Book Read Free

100 Poems to Break Your Heart

Page 7

by Edward Hirsch


  Rooms

  I remember rooms that have had their part

  In the steady slowing down of the heart.

  The room in Paris, the room at Geneva,

  The little damp room with the seaweed smell,

  And that ceaseless maddening sound of the tide—

  Rooms where for good or ill—things died.

  But there is the room where we two lie dead,

  Though every morning we seem to wake and might just as well seem to sleep again

  As we shall somewhere in the other quieter, dustier bed

  Out there in the sun—in the rain.

  Mew’s memorial, consisting of one stanza, is like a room in itself. It has a compact feeling of restrained sorrow. Made up of ten lines, a stanza known as a décima, it divides neatly into three sentences. The first begins the poem with a fluctuating beat in two four-stress lines:

  I remémber róoms that have hád their párt

  In the stéady slówing dówn of the héart.
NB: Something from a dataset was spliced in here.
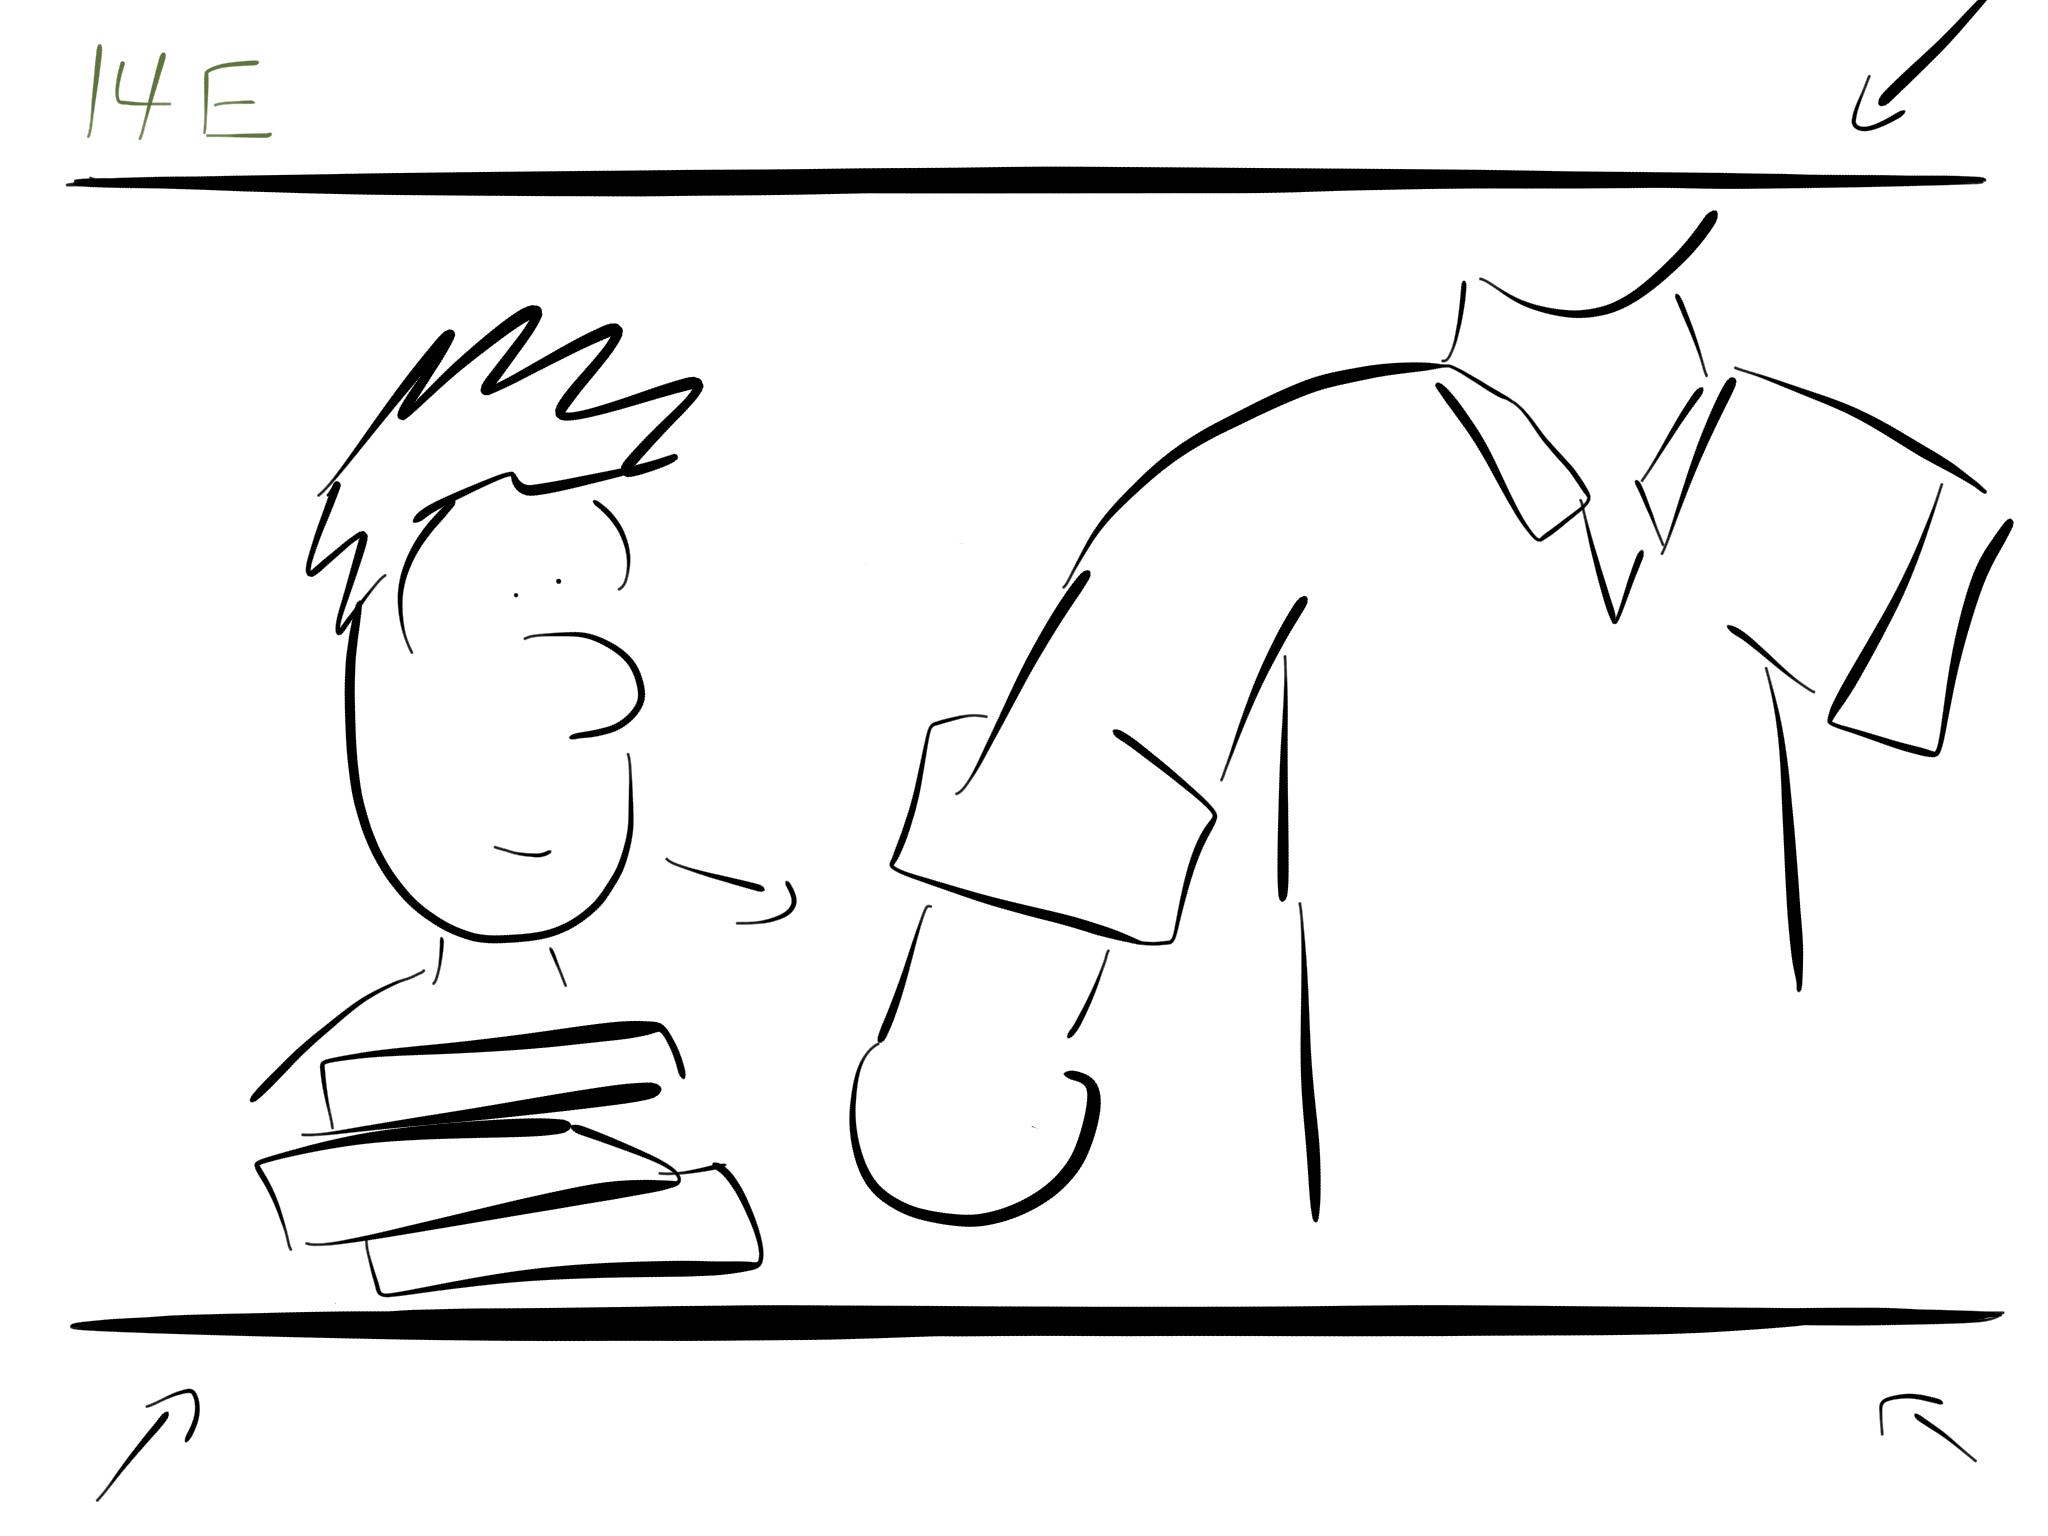 BDF_Storyboards_57.jpg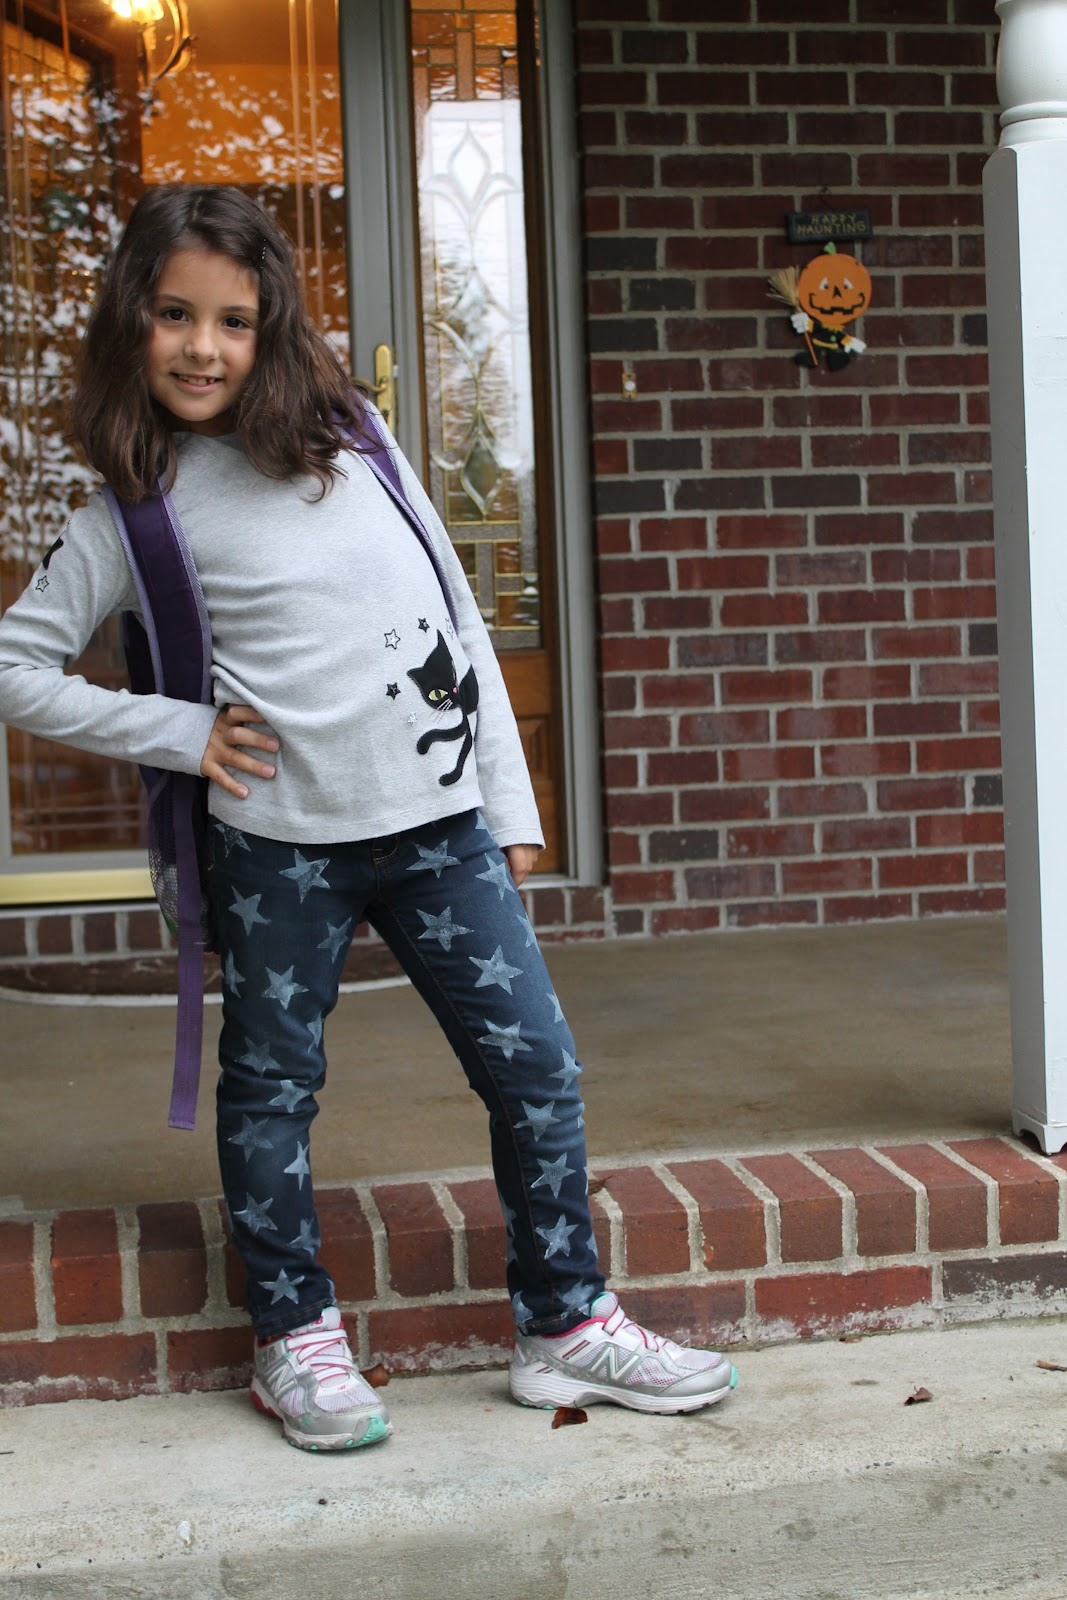 Diy Star Print Denim Jeans Soccer Mom Style

  Mew’s metrical variations are strategic. In the first line anapests (˘˘ /) alternate with iambs (˘ /); however, in the second line Mew puts the anapests at either end of the line and the iambs in the middle, so that the stresses fall on “stéady slówing dówn” and literally enact a steady slowing down in the line’s rhythm. The alliteration of “remember rooms” and “steady slowing” implicates the rooms, which “have had their part” in this slowing of the heart. Though so far there is no mention of another person in the rooms, “the heart” here, as in Langston Hughes’s “Song for a Black Girl,” suggests both feelings for a lover and the core of a person. Because the heart in Mew’s poem is slowing down, a reader begins to detect the makings of an anti–love poem, or a frustrated love poem, as well as the breakdown of a person’s spirits.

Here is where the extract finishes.